| Exercise description |
Provide again, from the entries below, every line from the one containing "Antico teatro sulla" through the one containing "Jedes Jahr organisiert", exactly as written, and no other line.

= Beginning of Section =

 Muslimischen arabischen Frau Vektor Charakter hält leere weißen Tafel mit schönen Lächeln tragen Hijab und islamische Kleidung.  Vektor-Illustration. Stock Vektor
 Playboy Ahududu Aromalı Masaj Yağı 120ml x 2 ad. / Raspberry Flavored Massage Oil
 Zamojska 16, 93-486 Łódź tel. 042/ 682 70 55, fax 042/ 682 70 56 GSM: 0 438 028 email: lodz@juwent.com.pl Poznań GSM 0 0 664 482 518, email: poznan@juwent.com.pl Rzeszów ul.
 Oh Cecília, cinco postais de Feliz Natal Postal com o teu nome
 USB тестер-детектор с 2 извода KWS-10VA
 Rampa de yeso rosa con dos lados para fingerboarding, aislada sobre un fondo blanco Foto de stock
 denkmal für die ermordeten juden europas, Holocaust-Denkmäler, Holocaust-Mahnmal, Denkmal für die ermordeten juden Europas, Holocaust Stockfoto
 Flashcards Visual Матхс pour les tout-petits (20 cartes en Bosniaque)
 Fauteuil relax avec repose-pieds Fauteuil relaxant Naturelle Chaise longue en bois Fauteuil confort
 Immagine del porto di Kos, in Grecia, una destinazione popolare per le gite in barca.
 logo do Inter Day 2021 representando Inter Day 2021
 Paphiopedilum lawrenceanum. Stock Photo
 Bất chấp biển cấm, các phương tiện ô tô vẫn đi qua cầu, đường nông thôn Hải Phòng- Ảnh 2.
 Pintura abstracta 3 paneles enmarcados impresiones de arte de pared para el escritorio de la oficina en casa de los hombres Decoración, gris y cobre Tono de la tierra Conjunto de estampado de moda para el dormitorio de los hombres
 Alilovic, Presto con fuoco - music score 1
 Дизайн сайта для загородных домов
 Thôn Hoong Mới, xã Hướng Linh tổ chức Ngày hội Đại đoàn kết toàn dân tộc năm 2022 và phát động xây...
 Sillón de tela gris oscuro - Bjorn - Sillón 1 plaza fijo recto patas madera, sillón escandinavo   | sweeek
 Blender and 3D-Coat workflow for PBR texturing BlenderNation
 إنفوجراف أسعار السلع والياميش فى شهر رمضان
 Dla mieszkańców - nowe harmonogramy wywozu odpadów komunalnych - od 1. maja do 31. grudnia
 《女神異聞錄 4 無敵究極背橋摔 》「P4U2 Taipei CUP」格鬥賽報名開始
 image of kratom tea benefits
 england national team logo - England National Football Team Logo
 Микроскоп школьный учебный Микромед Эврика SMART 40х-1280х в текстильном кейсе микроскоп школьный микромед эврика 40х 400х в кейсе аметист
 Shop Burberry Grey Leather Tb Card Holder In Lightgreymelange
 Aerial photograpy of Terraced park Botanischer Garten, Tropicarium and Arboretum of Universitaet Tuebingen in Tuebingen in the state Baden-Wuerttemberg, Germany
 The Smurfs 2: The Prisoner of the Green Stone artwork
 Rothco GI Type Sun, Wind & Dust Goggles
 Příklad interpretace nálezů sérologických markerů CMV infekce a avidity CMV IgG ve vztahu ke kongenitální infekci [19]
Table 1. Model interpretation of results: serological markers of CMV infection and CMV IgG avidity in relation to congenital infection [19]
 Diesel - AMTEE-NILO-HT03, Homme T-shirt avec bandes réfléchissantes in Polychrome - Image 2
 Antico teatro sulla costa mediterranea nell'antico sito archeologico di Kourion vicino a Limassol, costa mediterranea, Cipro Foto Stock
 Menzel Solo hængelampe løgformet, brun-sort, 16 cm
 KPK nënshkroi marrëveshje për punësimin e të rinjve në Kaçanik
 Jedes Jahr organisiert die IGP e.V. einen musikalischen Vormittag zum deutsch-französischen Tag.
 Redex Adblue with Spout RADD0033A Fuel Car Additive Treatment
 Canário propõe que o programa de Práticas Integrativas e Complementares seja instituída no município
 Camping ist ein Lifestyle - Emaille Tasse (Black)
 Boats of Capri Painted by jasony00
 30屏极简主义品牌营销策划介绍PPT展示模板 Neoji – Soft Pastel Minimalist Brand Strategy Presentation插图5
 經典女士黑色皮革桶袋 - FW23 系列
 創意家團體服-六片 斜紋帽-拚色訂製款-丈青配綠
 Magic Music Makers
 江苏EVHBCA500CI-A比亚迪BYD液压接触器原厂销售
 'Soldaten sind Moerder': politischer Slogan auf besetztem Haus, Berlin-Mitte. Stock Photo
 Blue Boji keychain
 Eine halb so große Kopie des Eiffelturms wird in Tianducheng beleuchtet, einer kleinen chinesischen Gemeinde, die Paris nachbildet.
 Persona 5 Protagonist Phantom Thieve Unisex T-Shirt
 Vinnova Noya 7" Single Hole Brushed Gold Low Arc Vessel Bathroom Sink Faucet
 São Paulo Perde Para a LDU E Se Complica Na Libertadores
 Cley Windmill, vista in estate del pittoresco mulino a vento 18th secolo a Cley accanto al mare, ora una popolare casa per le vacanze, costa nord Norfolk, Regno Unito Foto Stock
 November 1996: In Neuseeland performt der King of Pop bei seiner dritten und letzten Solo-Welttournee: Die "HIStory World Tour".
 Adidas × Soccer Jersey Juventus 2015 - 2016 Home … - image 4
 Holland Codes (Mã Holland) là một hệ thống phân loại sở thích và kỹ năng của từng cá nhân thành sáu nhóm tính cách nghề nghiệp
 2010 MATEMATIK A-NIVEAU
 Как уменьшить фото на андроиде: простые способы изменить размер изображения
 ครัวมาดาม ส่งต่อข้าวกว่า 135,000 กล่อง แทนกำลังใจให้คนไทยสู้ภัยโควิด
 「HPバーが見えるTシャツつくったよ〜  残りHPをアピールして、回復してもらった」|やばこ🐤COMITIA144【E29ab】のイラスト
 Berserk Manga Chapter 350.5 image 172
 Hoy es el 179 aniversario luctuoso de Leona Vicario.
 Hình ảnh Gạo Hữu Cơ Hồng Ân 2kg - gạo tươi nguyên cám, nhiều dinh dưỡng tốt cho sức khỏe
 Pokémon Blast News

= End of Section =

| Answer to the exercise |
 Antico teatro sulla costa mediterranea nell'antico sito archeologico di Kourion vicino a Limassol, costa mediterranea, Cipro Foto Stock
 Menzel Solo hængelampe løgformet, brun-sort, 16 cm
 KPK nënshkroi marrëveshje për punësimin e të rinjve në Kaçanik
 Jedes Jahr organisiert die IGP e.V. einen musikalischen Vormittag zum deutsch-französischen Tag.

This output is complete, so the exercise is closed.